- Archdiocese: New York
- Diocese: Brooklyn
- Appointed: October 4, 1980
- Installed: November 24, 1980
- Term ended: October 27, 2005
- Other post: Titular Bishop of Vicus Turris

Orders
- Ordination: June 2, 1956
- Consecration: November 24, 1980 by Francis Mugavero, John J. Snyder, and Charles Richard Mulrooney

Personal details
- Born: August 15, 1930 New York, New York
- Died: March 10, 2019 (aged 88)
- Denomination: Roman Catholic

= René Arnold Valero =

American Roman Catholic bishop (1930–2019)

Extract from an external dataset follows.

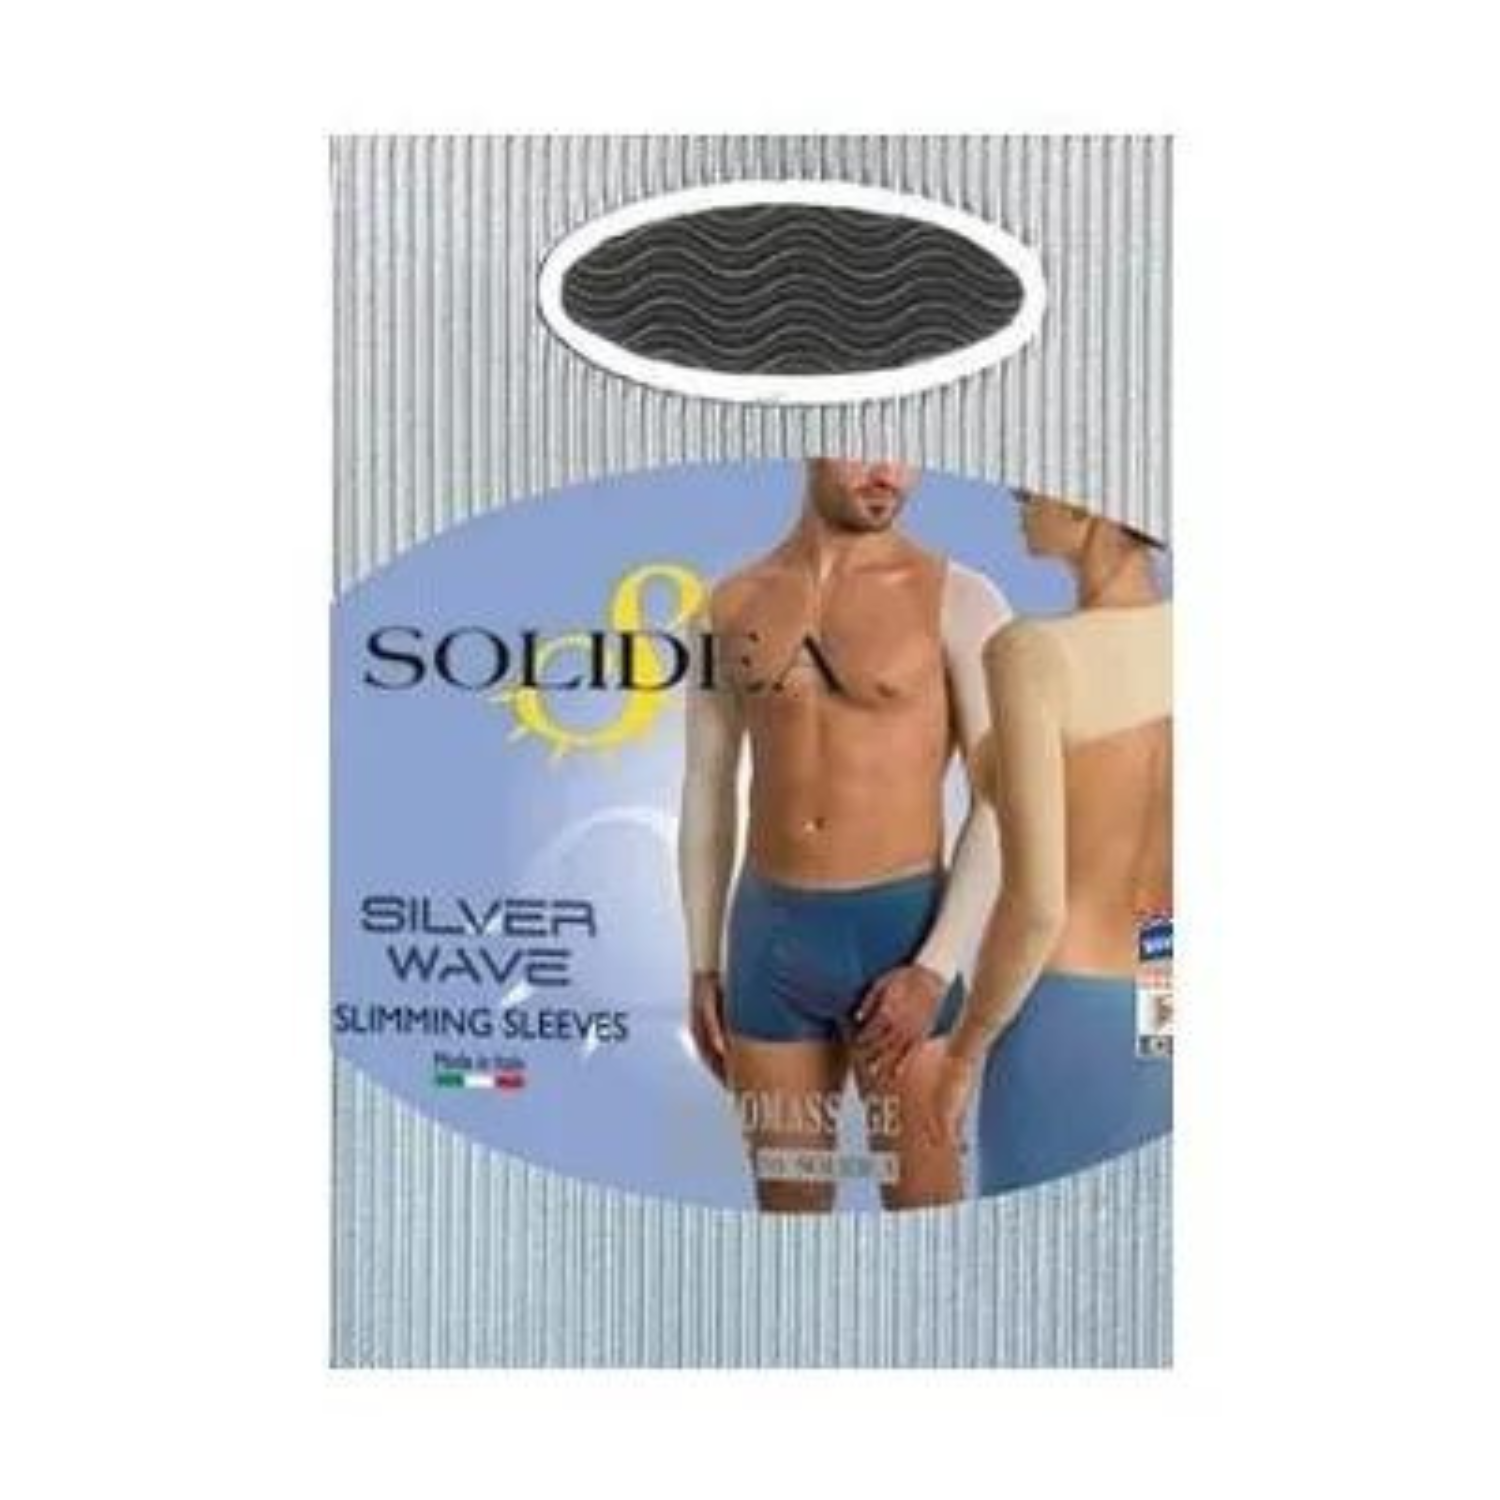 Solidea Silver Wave Slimming Slimming Sleeves 4XL Noisette

René Arnold Valero (August 15, 1930 – March 10, 2019) was an American prelate of the Roman Catholic Church who served as Auxiliary bishop of the Diocese of Brooklyn, New York from 1980 to 2005.

==Biography==
Born in Manhattan, New York City, Valero was ordained to the priesthood on June 2, 1956, for the Diocese of Brooklyn.

On October 4, 1980, he was named auxiliary bishop of the Brooklyn Diocese and titular bishop of Vicus Turris. He was consecrated bishop on November 24, 1980.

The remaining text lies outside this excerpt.